■ **Task goal**:
Tell me how many lines in the entries below contain the word "Image"; reply with the number and nothing else.

Top of Extracted material

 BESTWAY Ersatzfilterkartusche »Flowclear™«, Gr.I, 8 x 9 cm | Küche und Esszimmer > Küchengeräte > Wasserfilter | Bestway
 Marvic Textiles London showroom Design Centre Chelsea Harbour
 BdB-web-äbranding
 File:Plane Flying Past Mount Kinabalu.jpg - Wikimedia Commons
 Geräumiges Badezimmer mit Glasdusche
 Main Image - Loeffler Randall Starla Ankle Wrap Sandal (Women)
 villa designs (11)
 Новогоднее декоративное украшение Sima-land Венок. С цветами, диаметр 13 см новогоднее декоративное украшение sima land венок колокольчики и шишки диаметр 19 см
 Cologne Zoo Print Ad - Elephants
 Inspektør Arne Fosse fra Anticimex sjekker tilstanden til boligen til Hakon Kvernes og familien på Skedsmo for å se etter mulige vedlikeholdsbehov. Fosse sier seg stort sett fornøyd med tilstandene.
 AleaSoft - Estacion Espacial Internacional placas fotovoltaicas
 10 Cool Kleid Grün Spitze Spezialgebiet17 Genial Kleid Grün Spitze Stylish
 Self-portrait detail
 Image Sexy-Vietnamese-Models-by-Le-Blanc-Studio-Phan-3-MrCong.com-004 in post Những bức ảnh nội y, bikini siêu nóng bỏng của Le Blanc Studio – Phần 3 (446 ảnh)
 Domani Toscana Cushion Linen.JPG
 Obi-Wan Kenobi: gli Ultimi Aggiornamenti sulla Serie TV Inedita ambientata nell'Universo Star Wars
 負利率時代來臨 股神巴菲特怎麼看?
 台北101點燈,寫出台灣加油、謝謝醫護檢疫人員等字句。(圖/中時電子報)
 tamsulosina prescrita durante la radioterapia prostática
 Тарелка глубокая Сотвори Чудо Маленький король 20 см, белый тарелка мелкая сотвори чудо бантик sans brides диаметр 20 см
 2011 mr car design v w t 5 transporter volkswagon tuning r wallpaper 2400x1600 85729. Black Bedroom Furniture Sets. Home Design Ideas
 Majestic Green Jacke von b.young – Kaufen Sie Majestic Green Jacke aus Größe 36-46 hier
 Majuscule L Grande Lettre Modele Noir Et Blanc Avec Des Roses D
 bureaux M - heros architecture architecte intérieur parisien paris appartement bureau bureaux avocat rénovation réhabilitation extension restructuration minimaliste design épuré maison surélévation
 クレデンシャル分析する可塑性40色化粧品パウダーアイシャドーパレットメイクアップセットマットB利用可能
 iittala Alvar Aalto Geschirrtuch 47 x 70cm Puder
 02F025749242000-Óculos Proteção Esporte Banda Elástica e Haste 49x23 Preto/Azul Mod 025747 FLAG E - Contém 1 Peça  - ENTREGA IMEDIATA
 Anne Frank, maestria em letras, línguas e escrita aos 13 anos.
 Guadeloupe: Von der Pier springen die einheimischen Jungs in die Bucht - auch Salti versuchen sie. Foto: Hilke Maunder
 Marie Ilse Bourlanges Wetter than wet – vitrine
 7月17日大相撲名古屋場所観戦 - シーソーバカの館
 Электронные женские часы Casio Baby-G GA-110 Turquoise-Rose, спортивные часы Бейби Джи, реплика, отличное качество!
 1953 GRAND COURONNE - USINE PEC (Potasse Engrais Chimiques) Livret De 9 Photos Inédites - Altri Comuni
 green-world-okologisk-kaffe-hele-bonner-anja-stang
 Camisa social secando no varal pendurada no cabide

Bottom of Extracted material

■ **Output for this task**:
2